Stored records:
****************

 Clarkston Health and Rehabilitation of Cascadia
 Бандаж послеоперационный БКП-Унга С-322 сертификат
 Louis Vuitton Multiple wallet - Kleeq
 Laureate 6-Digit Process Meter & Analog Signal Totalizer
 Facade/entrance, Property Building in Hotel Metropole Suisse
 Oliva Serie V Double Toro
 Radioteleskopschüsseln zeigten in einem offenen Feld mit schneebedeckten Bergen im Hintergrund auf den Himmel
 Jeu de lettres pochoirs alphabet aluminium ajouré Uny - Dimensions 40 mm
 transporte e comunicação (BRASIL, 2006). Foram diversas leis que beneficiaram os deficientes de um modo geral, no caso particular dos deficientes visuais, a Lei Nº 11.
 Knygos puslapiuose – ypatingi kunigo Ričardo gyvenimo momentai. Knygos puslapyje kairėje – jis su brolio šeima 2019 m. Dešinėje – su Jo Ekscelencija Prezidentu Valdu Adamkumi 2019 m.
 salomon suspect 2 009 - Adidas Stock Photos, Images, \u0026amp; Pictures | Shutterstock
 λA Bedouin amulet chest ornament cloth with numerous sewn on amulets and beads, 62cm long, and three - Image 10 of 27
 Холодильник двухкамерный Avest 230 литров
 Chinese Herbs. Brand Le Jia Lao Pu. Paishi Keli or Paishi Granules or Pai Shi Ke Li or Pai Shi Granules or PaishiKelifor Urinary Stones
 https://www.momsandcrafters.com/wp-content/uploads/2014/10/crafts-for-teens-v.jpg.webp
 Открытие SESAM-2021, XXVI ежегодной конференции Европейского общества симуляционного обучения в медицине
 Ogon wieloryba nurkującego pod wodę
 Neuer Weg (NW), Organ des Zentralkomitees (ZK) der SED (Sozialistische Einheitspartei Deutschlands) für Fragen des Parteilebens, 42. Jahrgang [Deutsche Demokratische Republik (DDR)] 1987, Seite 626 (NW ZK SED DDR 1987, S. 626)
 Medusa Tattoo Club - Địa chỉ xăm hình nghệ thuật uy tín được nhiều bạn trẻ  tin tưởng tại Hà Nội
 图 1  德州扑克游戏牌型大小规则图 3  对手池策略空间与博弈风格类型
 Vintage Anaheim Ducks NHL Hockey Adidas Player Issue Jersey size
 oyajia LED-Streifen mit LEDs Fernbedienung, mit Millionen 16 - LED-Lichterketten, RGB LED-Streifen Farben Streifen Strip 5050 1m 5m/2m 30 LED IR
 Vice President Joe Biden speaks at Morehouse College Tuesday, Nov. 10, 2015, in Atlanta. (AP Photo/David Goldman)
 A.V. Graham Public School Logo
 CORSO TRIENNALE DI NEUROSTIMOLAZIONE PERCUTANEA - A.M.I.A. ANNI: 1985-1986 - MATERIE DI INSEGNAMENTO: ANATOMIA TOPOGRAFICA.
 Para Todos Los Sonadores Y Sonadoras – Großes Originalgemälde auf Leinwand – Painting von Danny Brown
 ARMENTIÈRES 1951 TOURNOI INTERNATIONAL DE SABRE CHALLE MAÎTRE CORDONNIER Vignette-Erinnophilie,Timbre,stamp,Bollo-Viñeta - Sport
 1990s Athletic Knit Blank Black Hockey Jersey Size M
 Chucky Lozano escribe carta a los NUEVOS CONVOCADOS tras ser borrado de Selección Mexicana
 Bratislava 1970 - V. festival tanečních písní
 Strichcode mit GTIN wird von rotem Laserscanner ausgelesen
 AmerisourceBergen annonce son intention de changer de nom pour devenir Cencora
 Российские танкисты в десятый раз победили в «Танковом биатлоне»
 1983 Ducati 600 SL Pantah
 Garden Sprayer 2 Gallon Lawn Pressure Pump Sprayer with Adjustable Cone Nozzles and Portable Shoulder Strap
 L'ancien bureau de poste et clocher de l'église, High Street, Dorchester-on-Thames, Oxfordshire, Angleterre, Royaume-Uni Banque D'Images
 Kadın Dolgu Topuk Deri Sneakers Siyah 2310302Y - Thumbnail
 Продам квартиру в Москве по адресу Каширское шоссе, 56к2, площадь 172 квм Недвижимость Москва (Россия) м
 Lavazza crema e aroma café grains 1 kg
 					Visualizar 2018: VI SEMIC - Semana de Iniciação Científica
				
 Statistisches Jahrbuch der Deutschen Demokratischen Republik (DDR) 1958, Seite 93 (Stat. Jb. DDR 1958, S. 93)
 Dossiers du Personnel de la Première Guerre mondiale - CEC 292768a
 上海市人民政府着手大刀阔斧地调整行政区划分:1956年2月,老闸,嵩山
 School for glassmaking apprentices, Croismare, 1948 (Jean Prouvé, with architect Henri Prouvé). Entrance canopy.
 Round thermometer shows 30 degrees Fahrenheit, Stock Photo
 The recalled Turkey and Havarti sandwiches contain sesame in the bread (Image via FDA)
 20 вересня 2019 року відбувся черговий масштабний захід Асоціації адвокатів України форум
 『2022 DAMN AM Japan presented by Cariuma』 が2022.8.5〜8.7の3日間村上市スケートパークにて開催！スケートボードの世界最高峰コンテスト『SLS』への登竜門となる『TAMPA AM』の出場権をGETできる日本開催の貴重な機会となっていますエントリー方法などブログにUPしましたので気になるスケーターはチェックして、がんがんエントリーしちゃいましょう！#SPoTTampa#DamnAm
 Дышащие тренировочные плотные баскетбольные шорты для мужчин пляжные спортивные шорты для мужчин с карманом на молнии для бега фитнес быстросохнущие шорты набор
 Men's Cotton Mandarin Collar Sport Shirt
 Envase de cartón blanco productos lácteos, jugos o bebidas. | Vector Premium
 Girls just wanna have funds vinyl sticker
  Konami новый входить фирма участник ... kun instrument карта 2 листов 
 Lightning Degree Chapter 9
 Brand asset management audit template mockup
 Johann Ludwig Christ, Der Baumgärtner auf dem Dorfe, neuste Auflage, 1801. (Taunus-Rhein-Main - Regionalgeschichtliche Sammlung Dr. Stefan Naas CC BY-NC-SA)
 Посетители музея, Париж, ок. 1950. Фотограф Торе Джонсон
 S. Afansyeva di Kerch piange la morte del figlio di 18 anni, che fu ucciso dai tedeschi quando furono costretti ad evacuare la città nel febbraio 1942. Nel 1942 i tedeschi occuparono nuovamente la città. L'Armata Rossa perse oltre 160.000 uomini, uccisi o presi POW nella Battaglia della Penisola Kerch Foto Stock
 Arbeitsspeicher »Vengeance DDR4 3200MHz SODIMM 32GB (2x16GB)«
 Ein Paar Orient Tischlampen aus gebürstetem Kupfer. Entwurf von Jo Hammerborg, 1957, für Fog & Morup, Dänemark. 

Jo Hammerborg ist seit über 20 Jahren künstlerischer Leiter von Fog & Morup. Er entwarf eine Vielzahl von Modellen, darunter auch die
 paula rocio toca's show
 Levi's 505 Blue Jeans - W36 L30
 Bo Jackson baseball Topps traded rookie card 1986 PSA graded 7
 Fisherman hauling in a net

****************

INSTRUCTIONS TO FOLLOW:
Find each line in the records that contains the string "School", then say how many there are and nothing else.

WRITTEN SOLUTION:
2